The assistant also forwarded to Kelly’s government email account EPA-related travel receipts that were originally sent to a SpiritBank email address he maintained after leaving the bank.

Kelly’s lifetime ban likely stemmed from a bad real estate deal he signed off on in Claremore, Okla. A legal expert told E&E News last year that such a punishment means that, when it comes to banks, "he can’t do much more than open a checking account" (Energywire, Feb. 6, 2018).

‘Looks terrible’

The main concern for ethics experts is whether the bank could have benefited from Kelly’s changes to the Superfund program.

"We need to find out if this bank has any properties or loans out that are affected by EPA regulations," said Richard Painter, a professor of corporate law at the University of Minnesota Law School. "Banks can be affected if they’ve loaned money to the wrong people, who’ve got an environmental mess on their hands."

Given its location in the Anadarko Basin, SpiritBank "is going to have some significant involvement and exposure to the oil business," added Painter, who previously served as chief ethics lawyer to President George W. Bush and unsuccessfully ran for the Senate as a Democrat.

Around 2013, SpiritBank loaned money to a church that owns property inside a Superfund site in Bristow, Okla. The church had to move after the contamination was found.

Poisoned by an old oil refinery, the site is located near Kelly’s family land and the Bristow branch of SpiritBank (Energywire, Feb. 28, 2018).

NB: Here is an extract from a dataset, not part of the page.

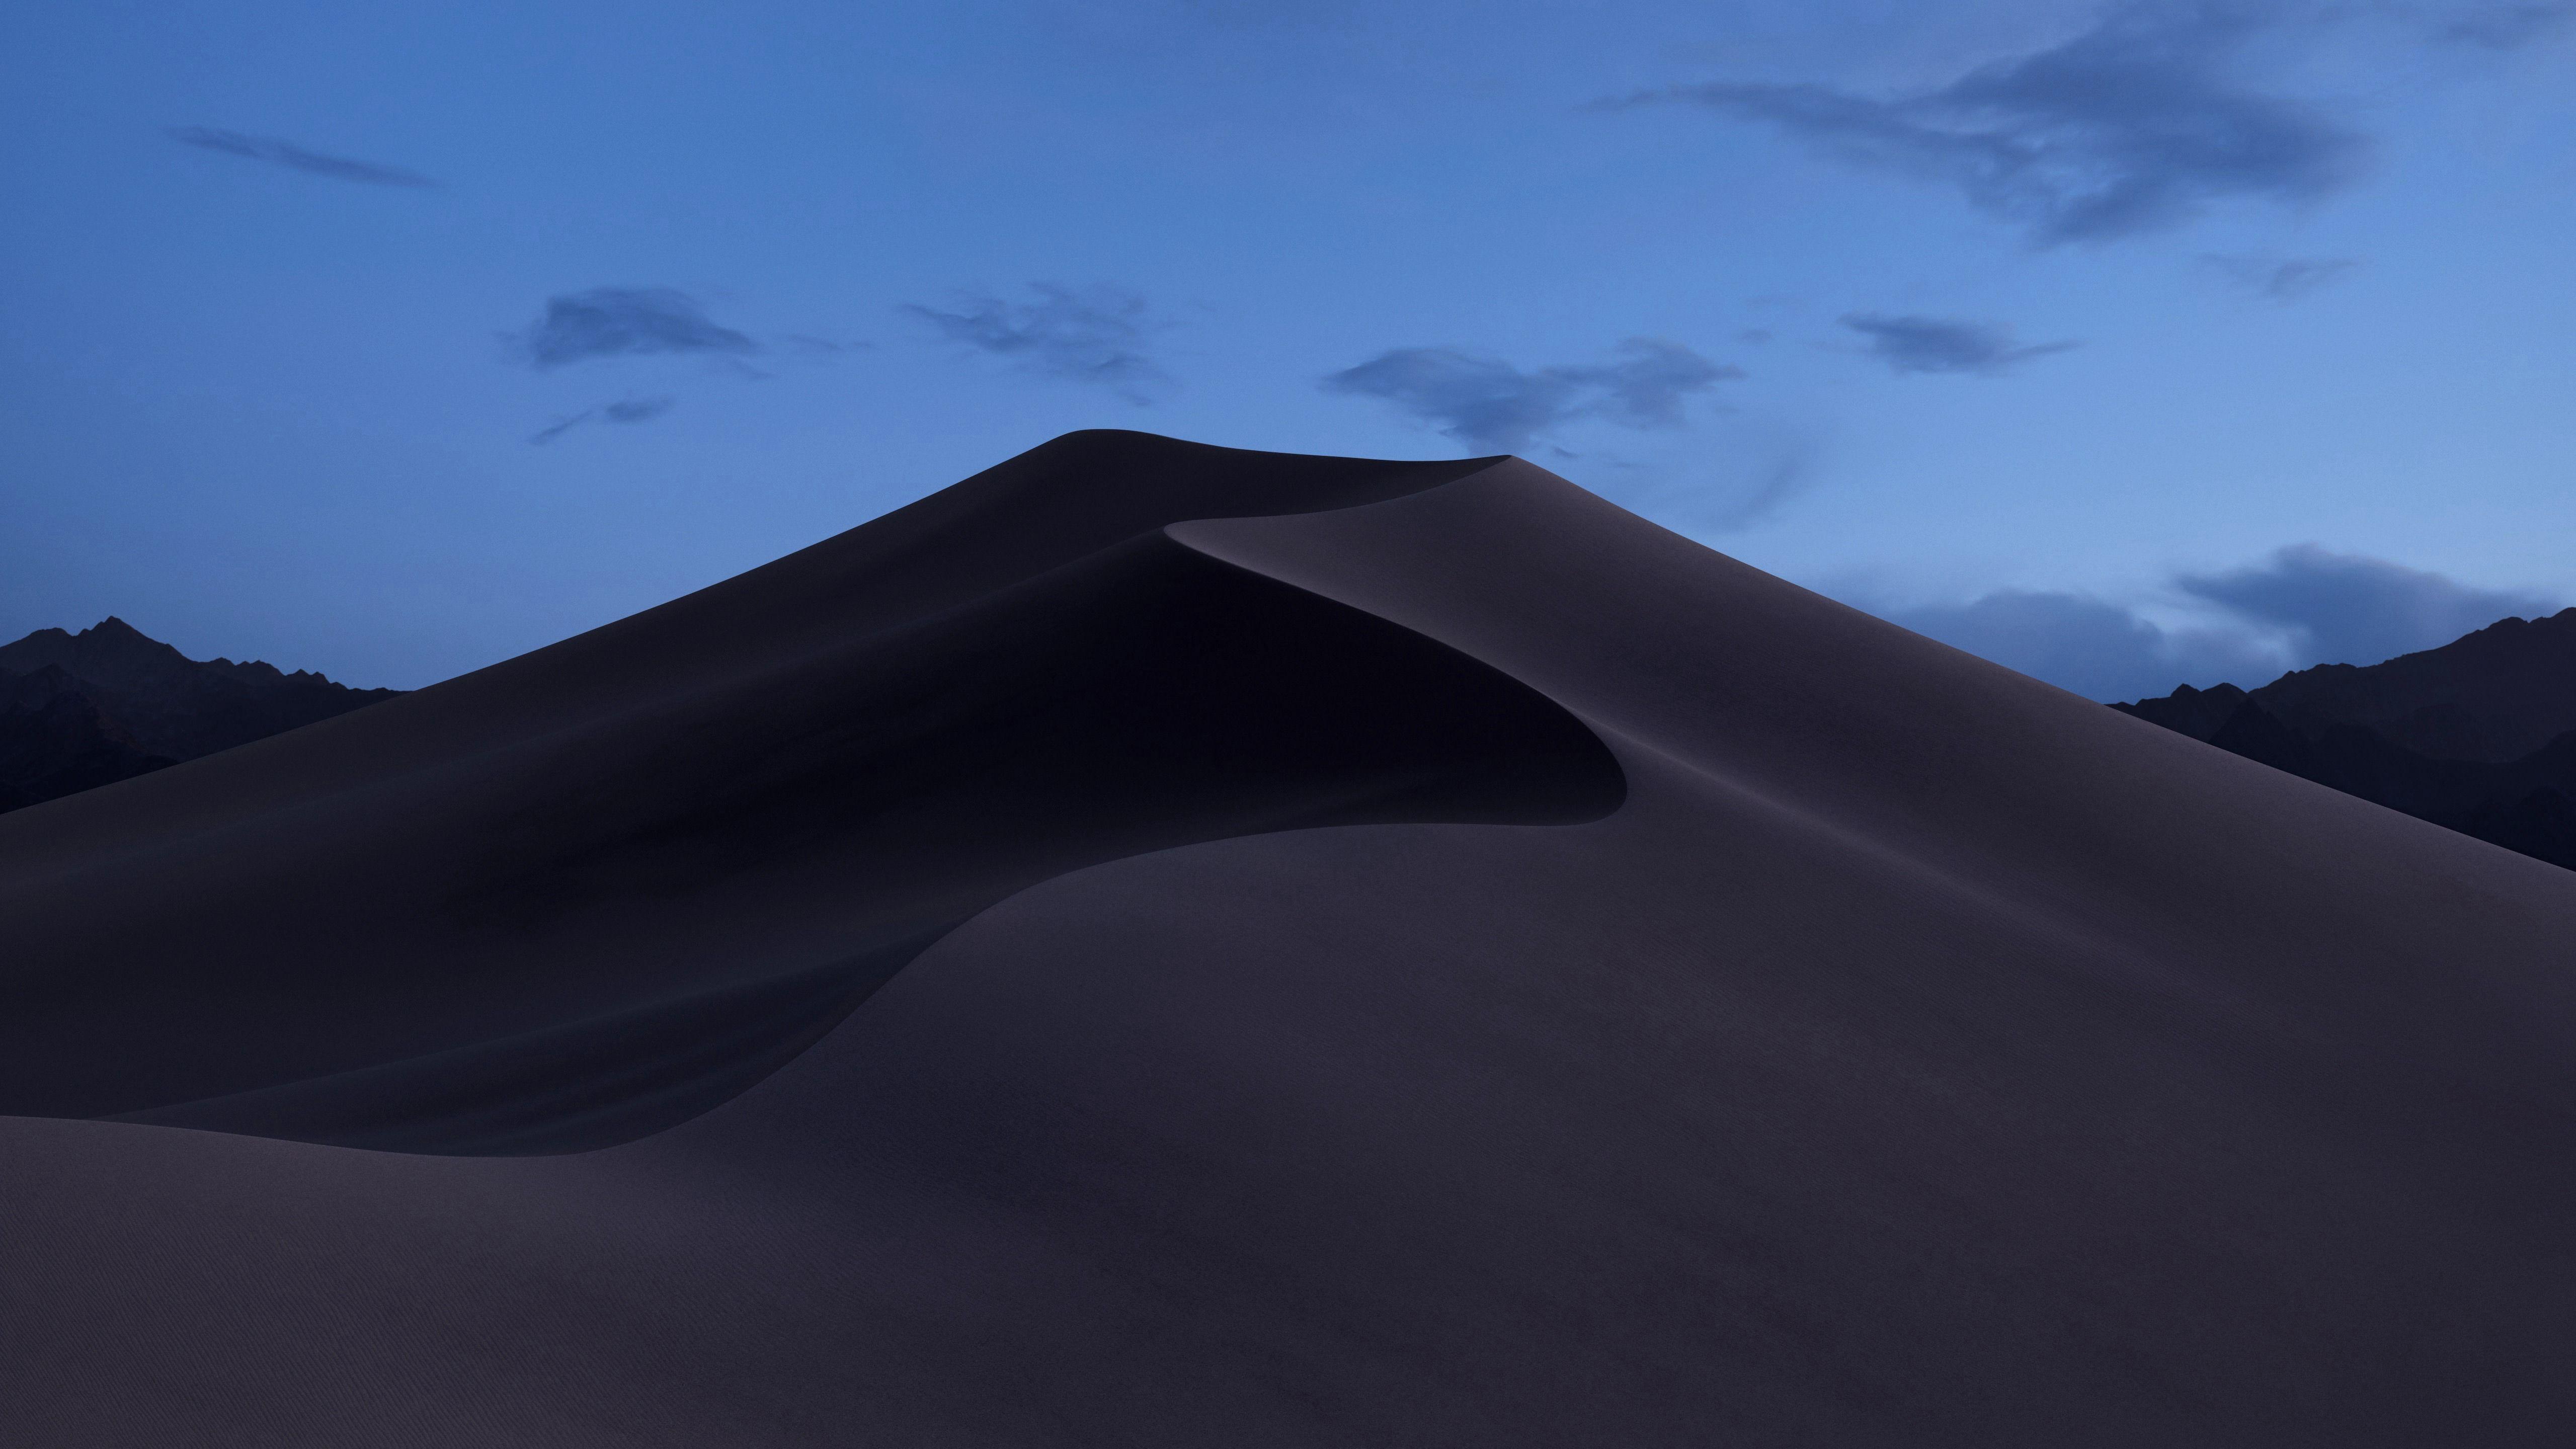 Mac Os Mojave Wallpapers Top Free Mac Os Mojave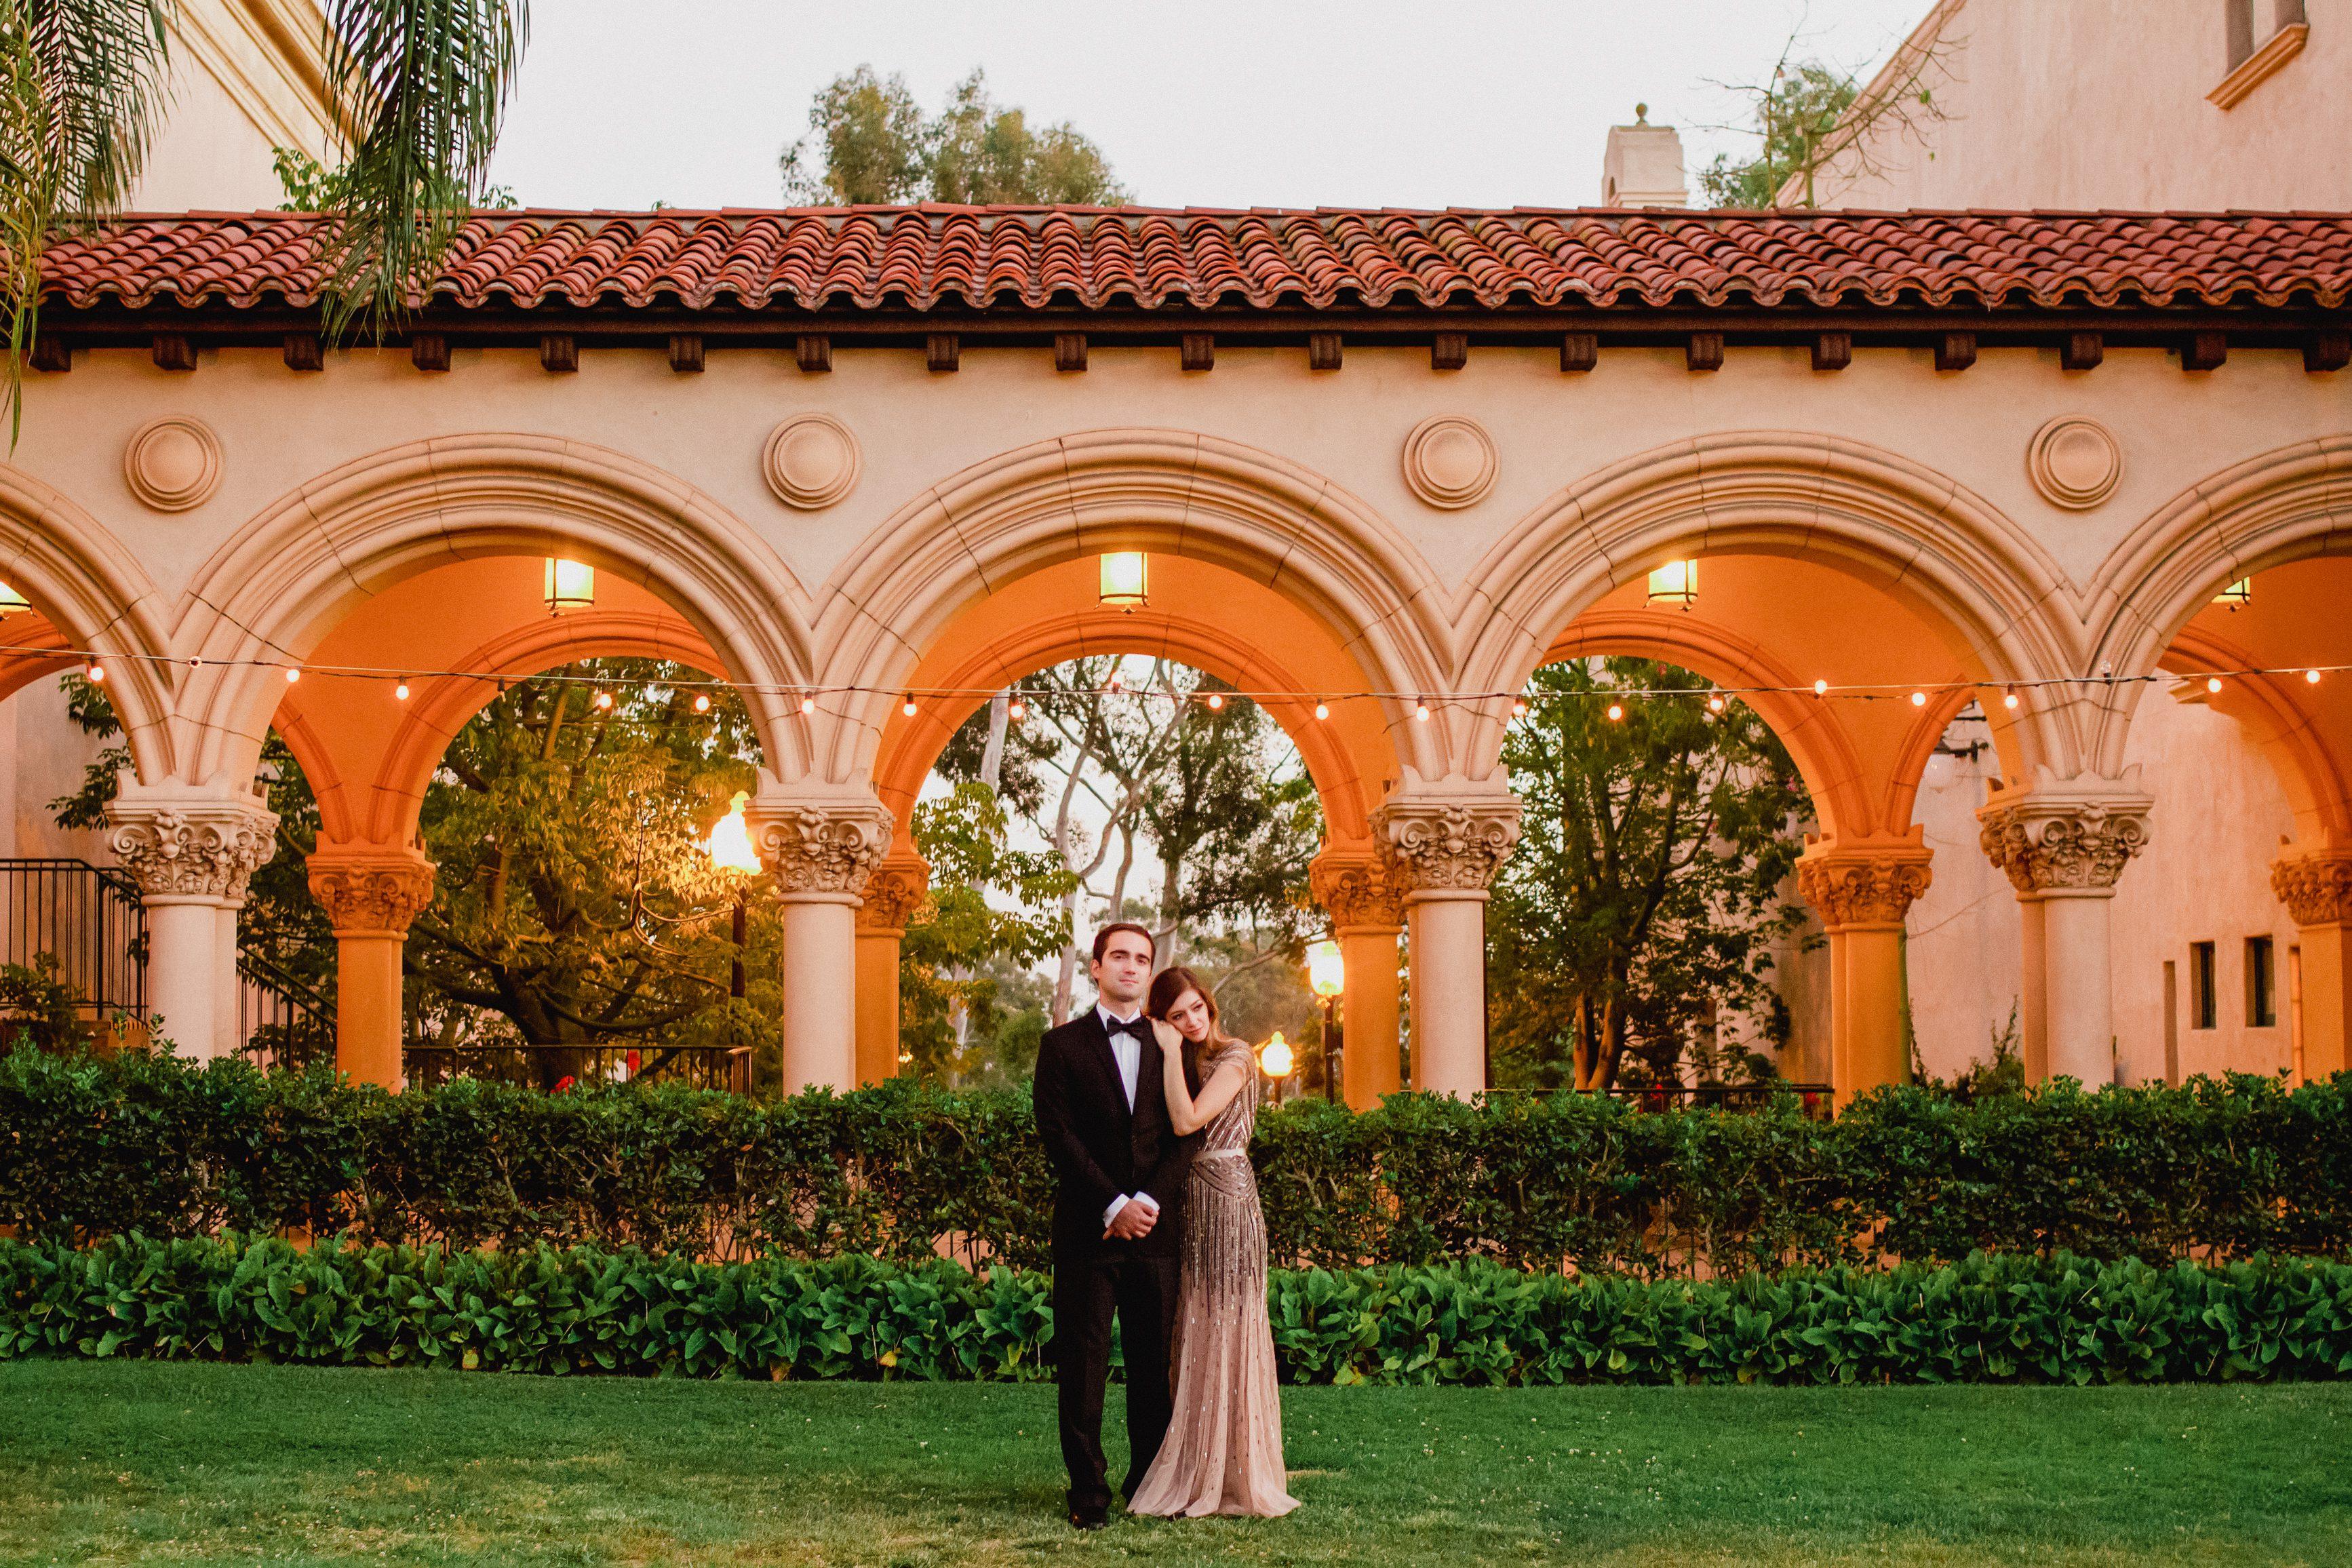 Balboa park wedding photos The Prado at Balboa Park Restaurant - San Diego, CA

Painter wasn’t sure whether Kelly’s actions could run afoul of his banking ban or ethics pledge. But the former EPA adviser’s use of his SpiritBank email for agency business was "all screwed up," he said. "That just looks terrible."

Asked about Kelly’s ethics pledge compliance, an EPA spokesman said, "We would refer you to Mr. Kelly for comment."

Kelly didn’t respond to a request sent to his SpiritBank email account, and calls to the cellphone he used during his time at EPA produced busy signals.

The agency also noted that SpiritBank "is not listed as a responsible party at any federal Superfund site."

For Painter, though, the biggest mystery is why Kelly was even allowed to serve at EPA in the first place.

"I’ve got more questions for you than answers," he said. "They shouldn’t have hired him to begin with because he had a bad business ethics compliance record in the banking industry."

EPA’s inspector general is currently auditing the Superfund task force that Kelly led, but it’s not specifically examining how or why he was put in charge of that effort (E&E News PM, Sept. 17, 2018).

Reporters Kevin Bogardus and Mike Soraghan contributed.